With the rapid development of e-commerce, auto-bidding has become a key asset in optimizing advertising performance under diverse advertiser environments. The current approaches focus on reinforcement learning (RL) and generative models. These efforts imitate offline historical behaviors by utilizing a complex structure with expensive hyperparameter tuning. The suboptimal trajectories further exacerbate the difficulty of policy learning. To address these challenges, we proposes QGA, a novel Q-value regularized Generative Auto-bidding method. In QGA, we propose to plug a Q-value regularization with double Q-learning strategy into the Decision Transformer backbone. This design enables joint optimization of policy imitation and action-value maximization, allowing the learned bidding policy to both leverage experience from the dataset and alleviate the adverse impact of the suboptimal trajectories. Furthermore, to safely explore the policy space beyond the data distribution, we propose a Q-value guided dual-exploration mechanism, in which the DT model is conditioned on multiple return-to-go targets and locally perturbed actions. This entire exploration process is dynamically guided by the aforementioned Q-value module, which provides principled evaluation for each candidate action. Experiments on public benchmarks and simulation environments demonstrate that QGA consistently achieves superior or highly competitive results compared to existing alternatives. Notably, in large-scale real-world A/B testing, QGA achieves a 3.27% increase in Ad GMV and a 2.49% improvement in Ad ROI.
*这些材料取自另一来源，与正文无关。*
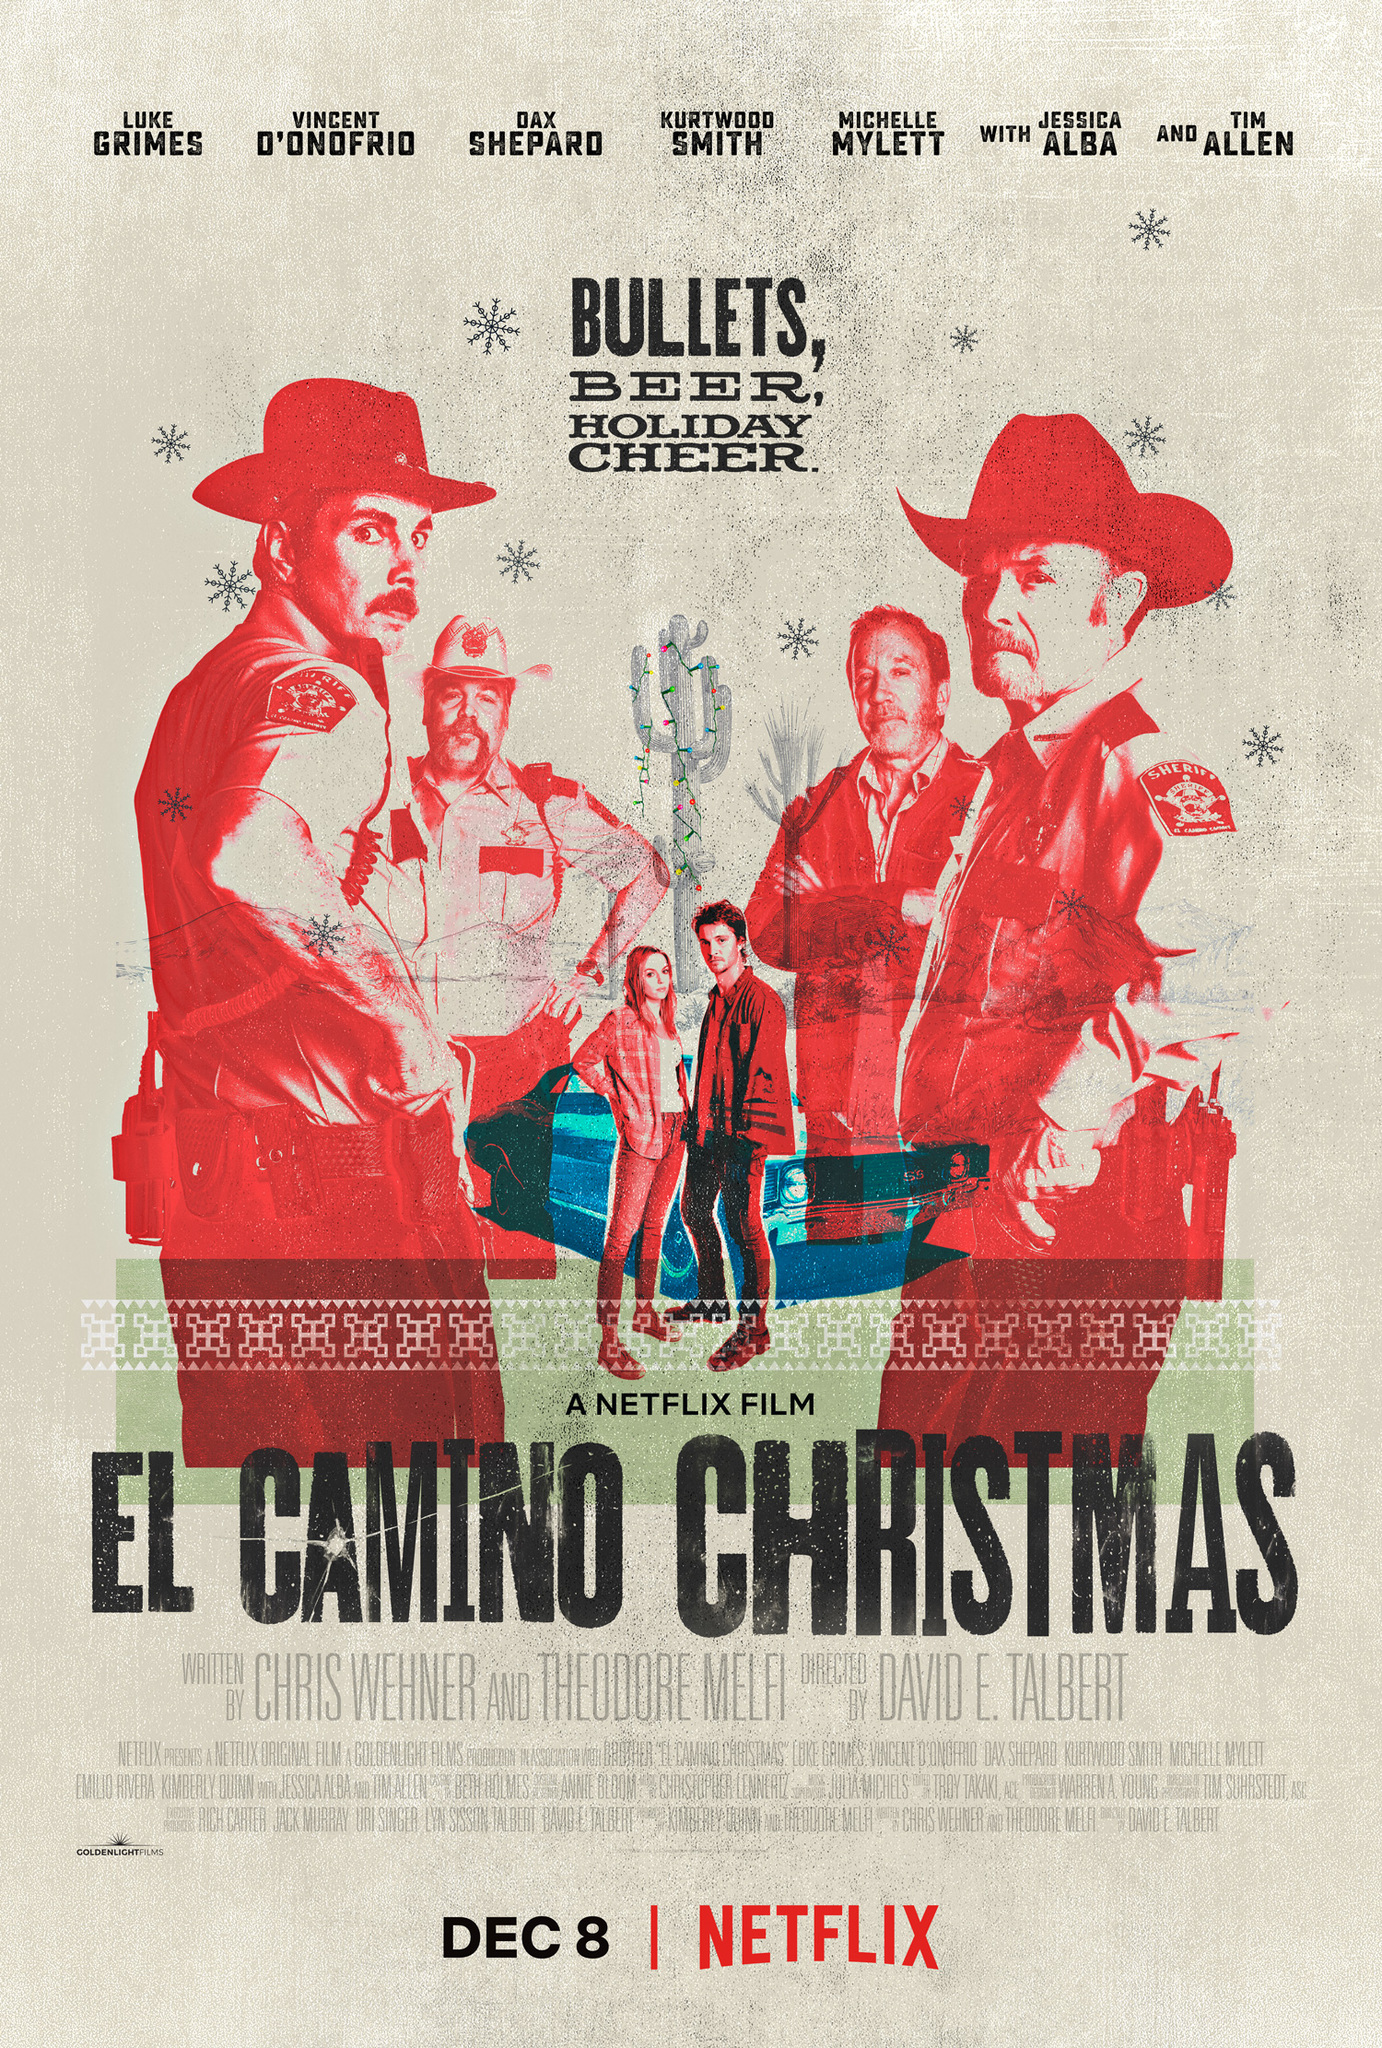 Nonton film El Camino Christmas layarkaca21 indoxx1 ganool online streaming terbaru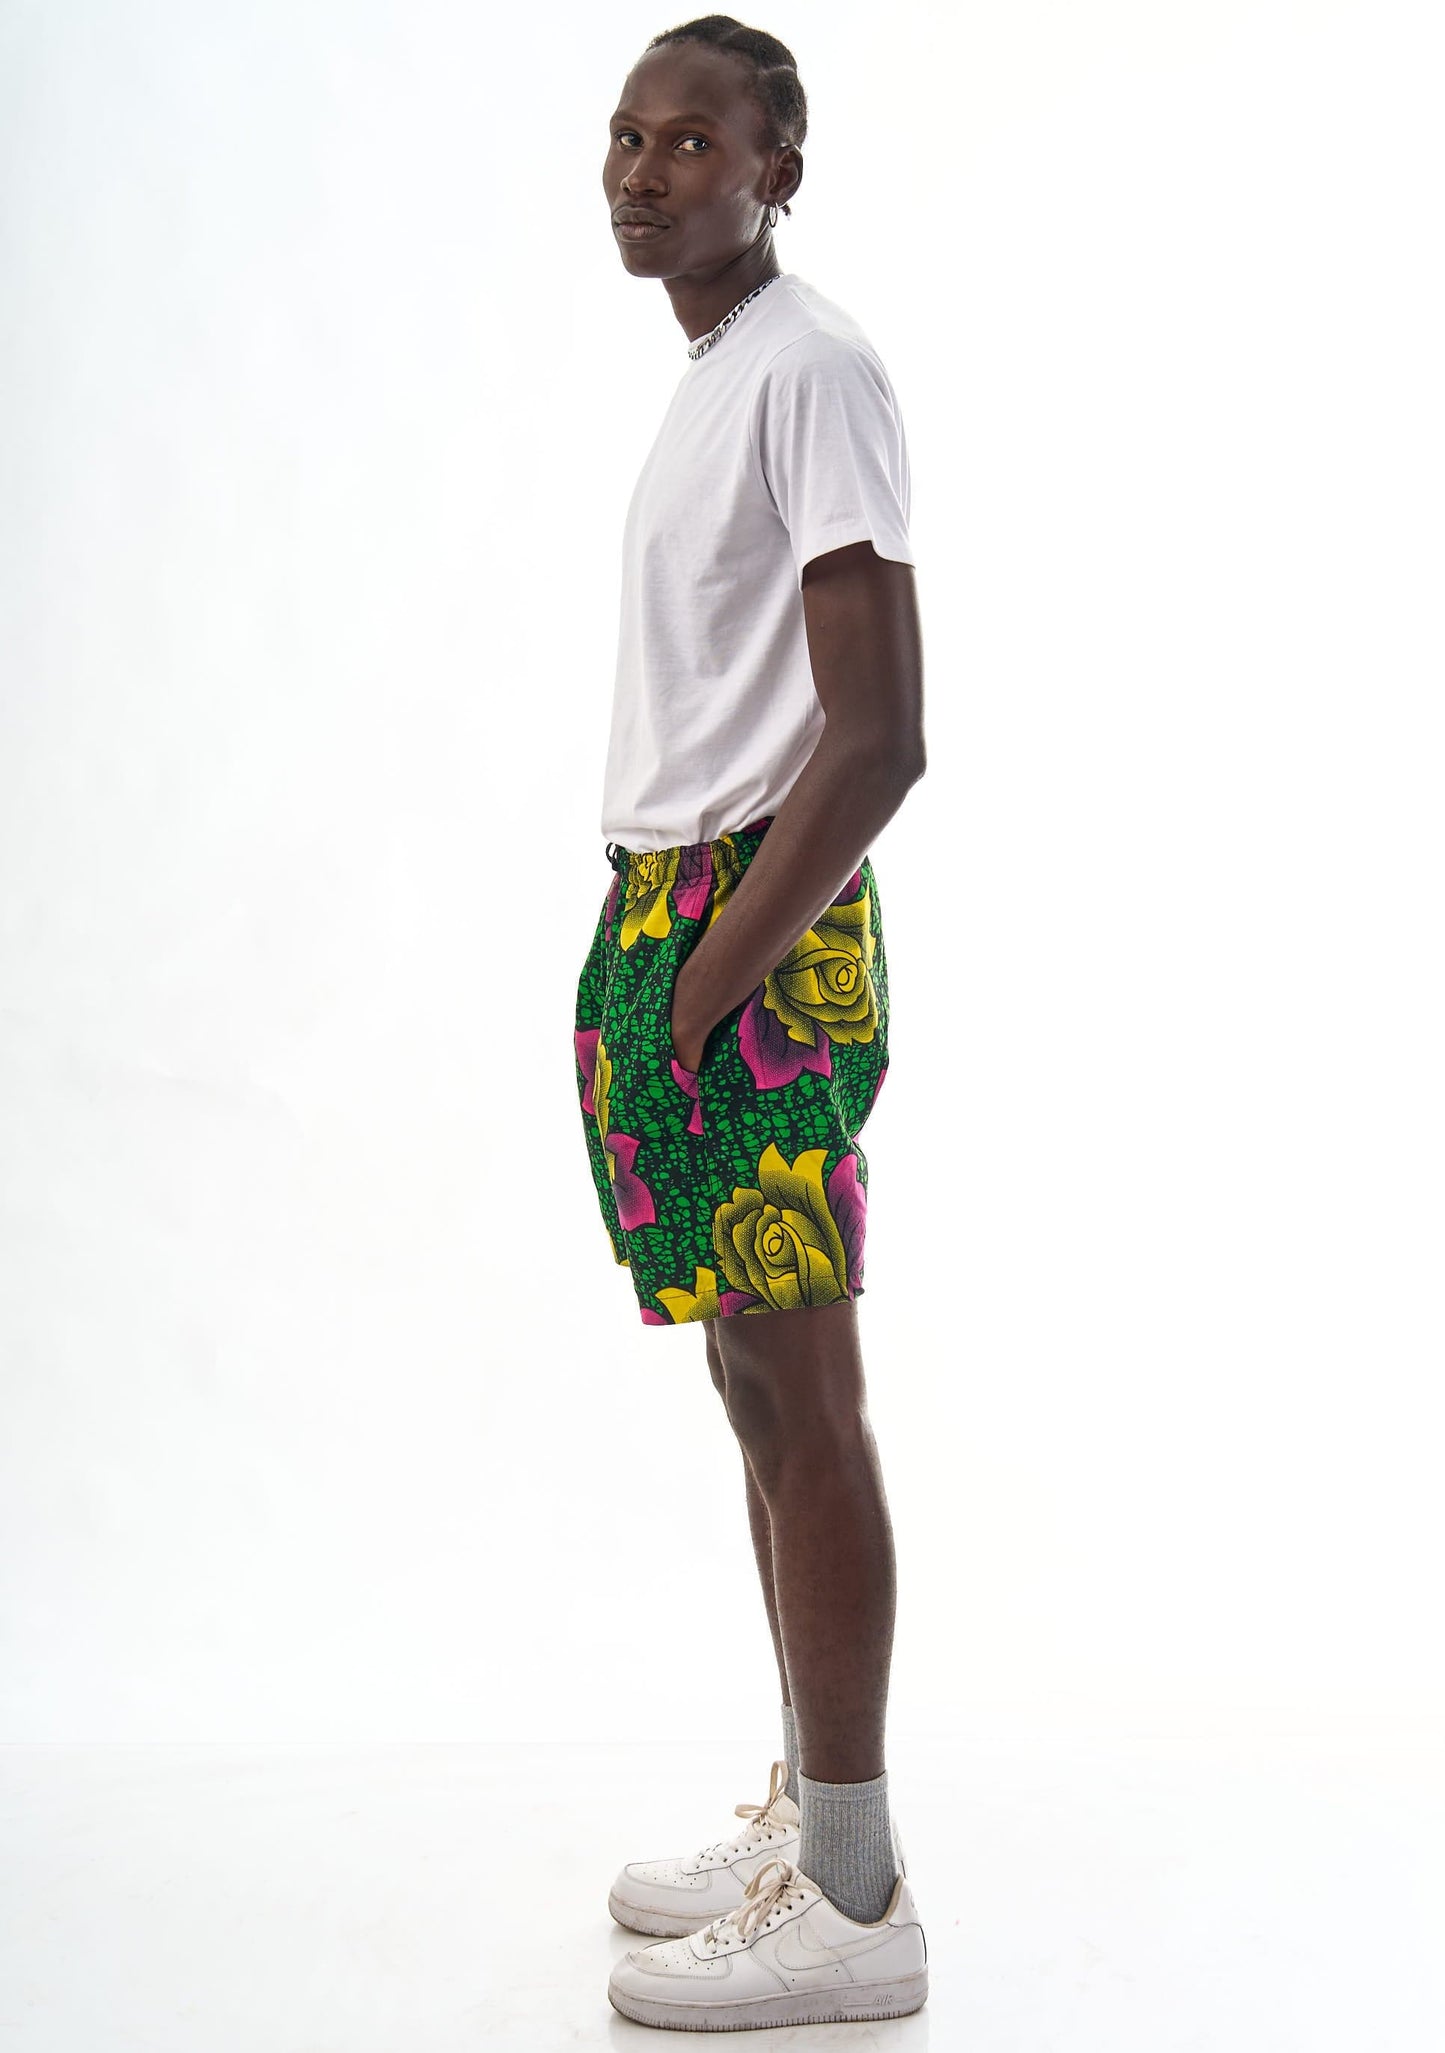 YEVU Men - Trousers Shorts - Yellow Rose

翻译：随着电子商务的快速发展，自动出价已成为在不同广告主环境下优化广告效果的关键技术。当前方法主要聚焦于强化学习和生成模型。这些工作通过使用复杂结构并依赖昂贵的超参数调优来模仿离线历史行为。次优轨迹进一步加剧了策略学习的难度。为应对这些挑战，本文提出QGA，一种新颖的Q值正则化生成式自动出价方法。在QGA中，我们提出将结合双Q学习策略的Q值正则化模块嵌入到Decision Transformer主干网络中。该设计实现了策略模仿与动作价值最大化的联合优化，使得学习到的出价策略既能利用数据集中的经验，又能减轻次优轨迹的不利影响。此外，为安全探索数据分布之外的策略空间，我们提出一种Q值引导的双重探索机制，其中DT模型以多个回报目标及局部扰动动作为条件。整个探索过程由前述Q值模块动态引导，该模块为每个候选动作提供原则性评估。在公开基准和仿真环境上的实验表明，与现有方法相比，QGA始终能取得更优或极具竞争力的结果。值得注意的是，在大规模真实世界A/B测试中，QGA实现了广告总交易额3.27%的提升和广告投资回报率2.49%的改进。